The full architecture: 48 transformer layers, 32 query attention heads with 4 KV heads (grouped query attention), 128 total experts with 8 activated per forward pass. Native context is 32,768 tokens, extended to 131,072 tokens with YaRN RoPE scaling. License is Apache 2.0, which means commercial use without royalties.
For comparison, Llama 3.3 70B — the other strong 24GB-runnable option — is a standard dense model where all 70B parameters load into VRAM and participate in every token. Fitting it in 24GB requires heavy quantization (Q3 or aggressive Q2), which costs noticeably more quality than Q4_K_M on a smaller model.

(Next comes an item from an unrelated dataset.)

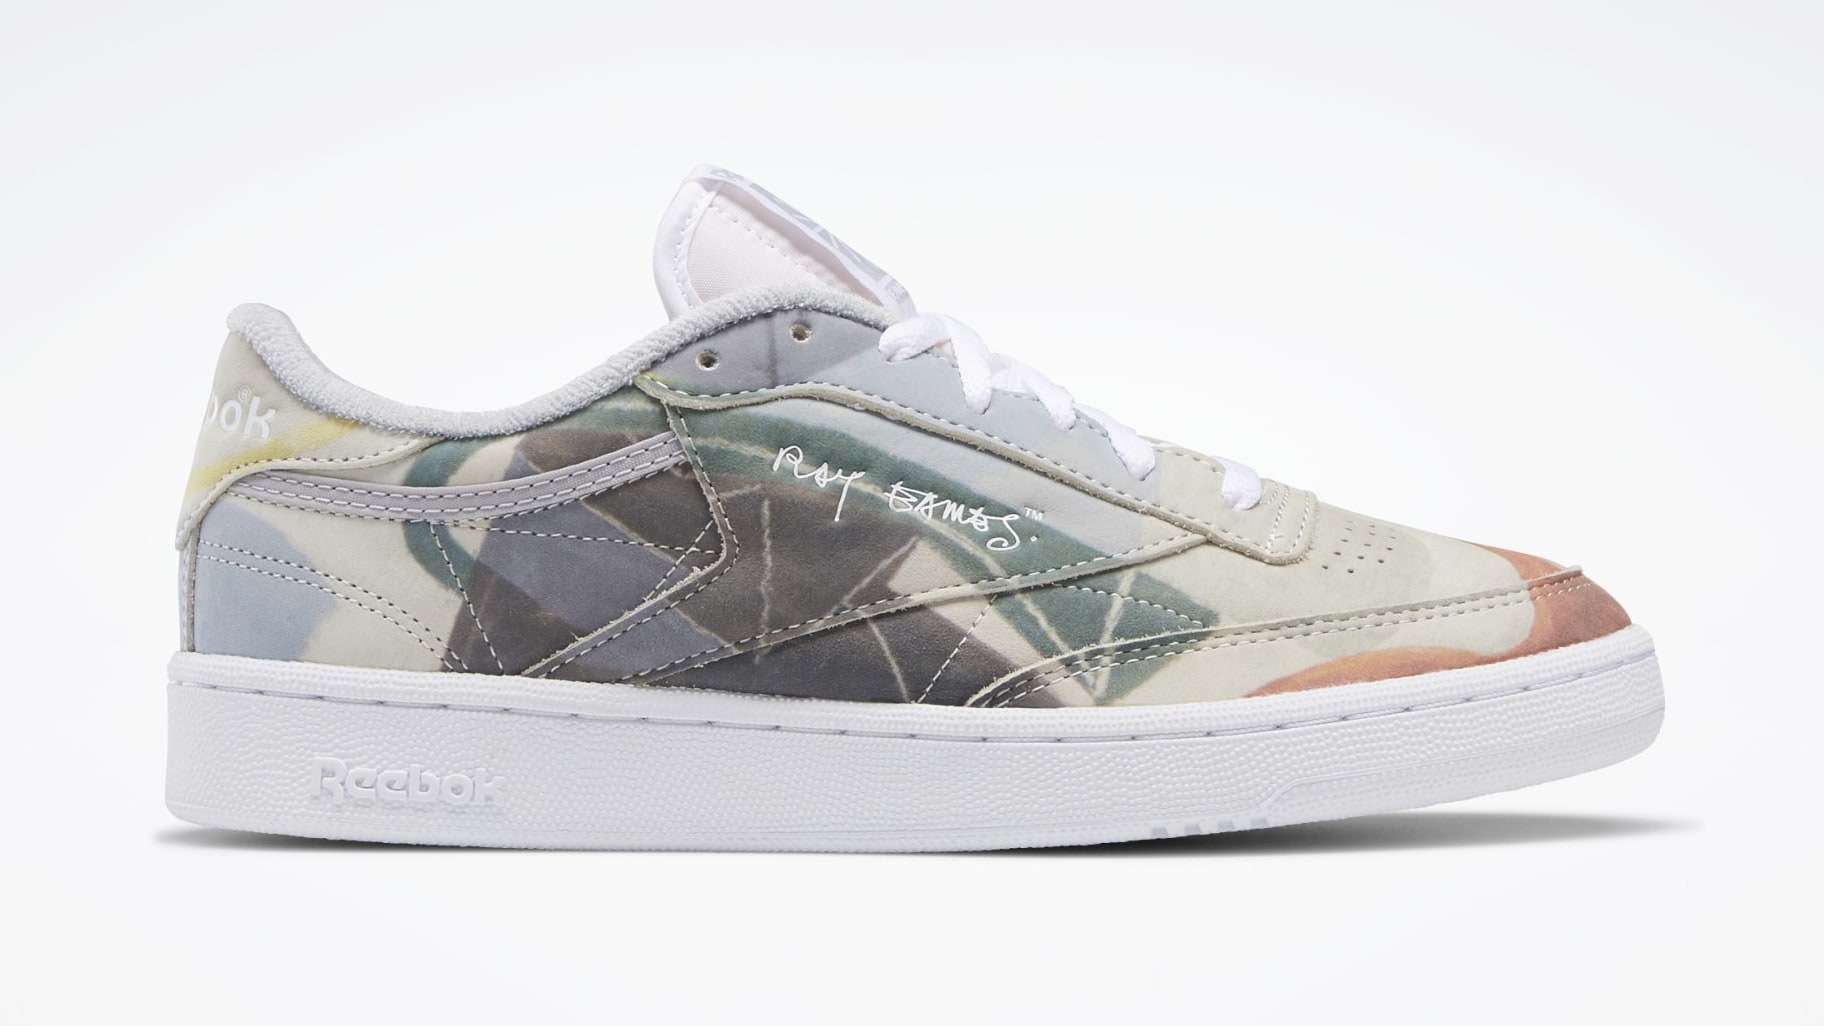 Eames x Reebok Club C 'Composition' GY1068 Lateral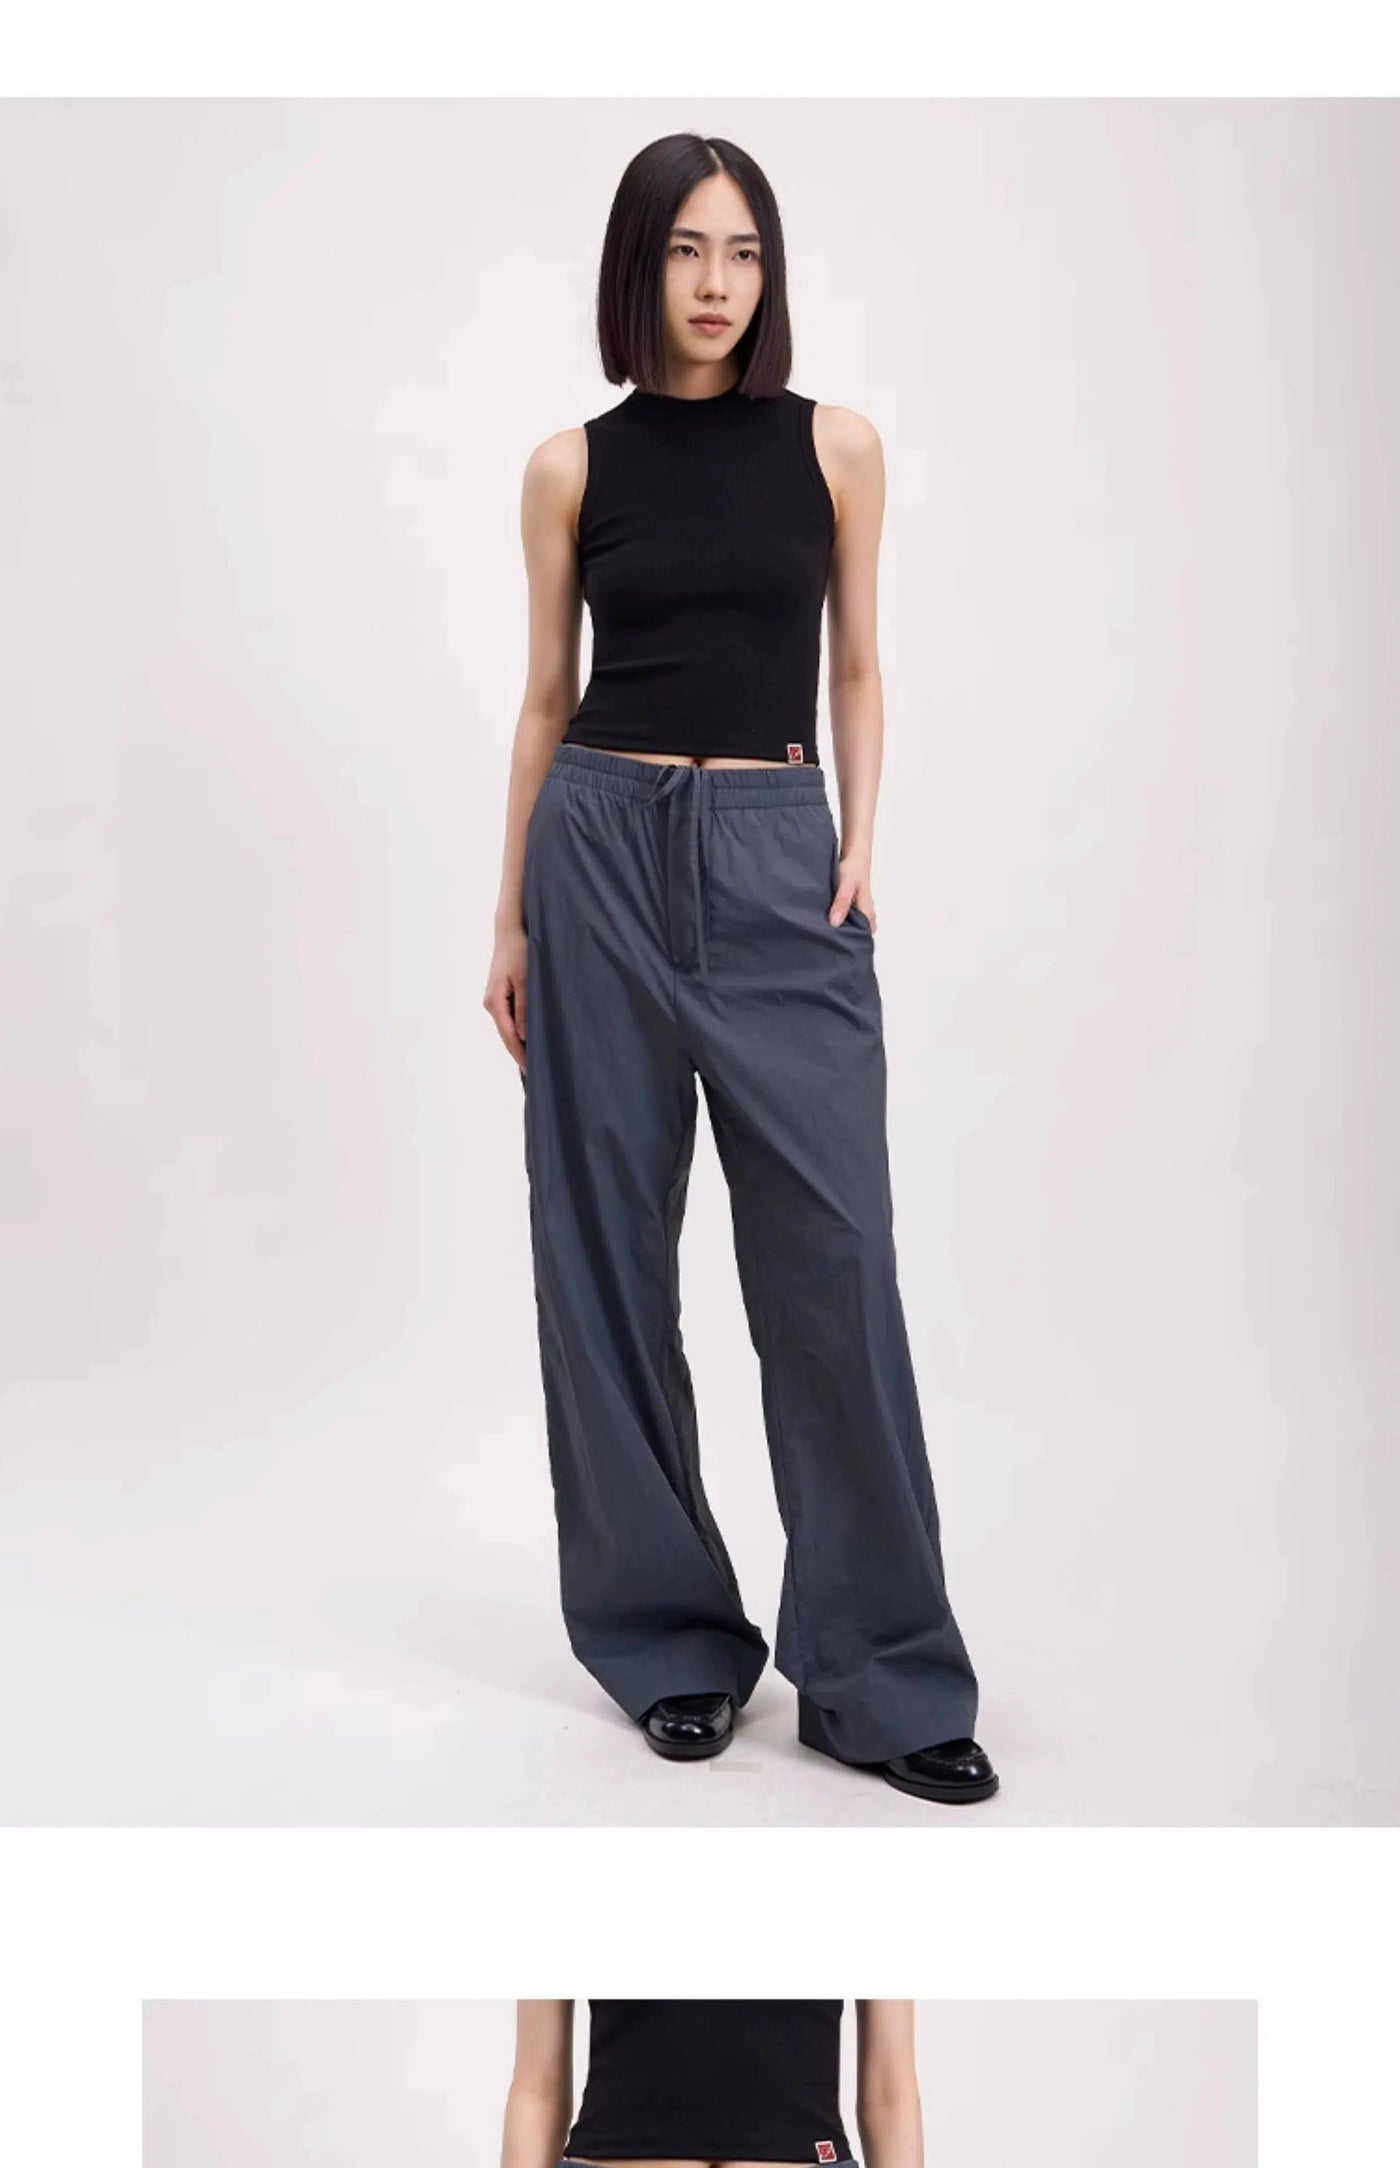 Light Elastic Waist Track Pants Korean Street Fashion Pants By Opicloth Shop Online at OH Vault

VRAM Requirements by Quantization Level
The “30B” label on the tin causes unnecessary hardware anxiety. At Q4_K_M, the weights sit at roughly 19 GB — comfortably inside a 24GB GPU with headroom for a reasonable KV cache.
| Quantization | File Size | Minimum VRAM | Fits On |
|---|---|---|---|
| Q4_K_M (default) | ~19 GB | 24 GB | RTX 4090, RTX 3090, RTX 4080 |
| Q5_K_M | ~22 GB | 24 GB | RTX 4090/3090; tight — reduces KV cache room |
| Q8_0 | ~31 GB | 40+ GB or dual 24GB | Used A6000 (48GB), Mac Studio 64GB+ |
| BF16 (full precision) | ~61 GB | 80 GB+ | H100, multi-GPU with NVLink |
A few cards that won’t work cleanly:
RTX 4060 Ti 16GB: Q4_K_M doesn’t fit (19 GB > 16 GB). You can use --n-gpu-layers in llama.cpp to keep the first N layers on GPU and offload the rest to system RAM — but the PCIe bottleneck between GPU and system RAM guts your tok/s, and you’ve lost the main reason to run this model over Qwen3-14B.
RTX 3060 12GB: Not viable at any useful quantization. The model needs 19 GB just for weights; the card has 12 GB. Full CPU offload would result in sub-5 tok/s performance, slower than Qwen3-8B running entirely on GPU.
Mac Studio M2/M3 with 64GB unified memory: Works cleanly at Q4_K_M (19 GB of 64 GB used) via MLX. Mac Studio 96GB has comfortable headroom for Q8 inference.
If you’re on 16GB, the right model is Qwen3-14B or Qwen3-8B, not this one.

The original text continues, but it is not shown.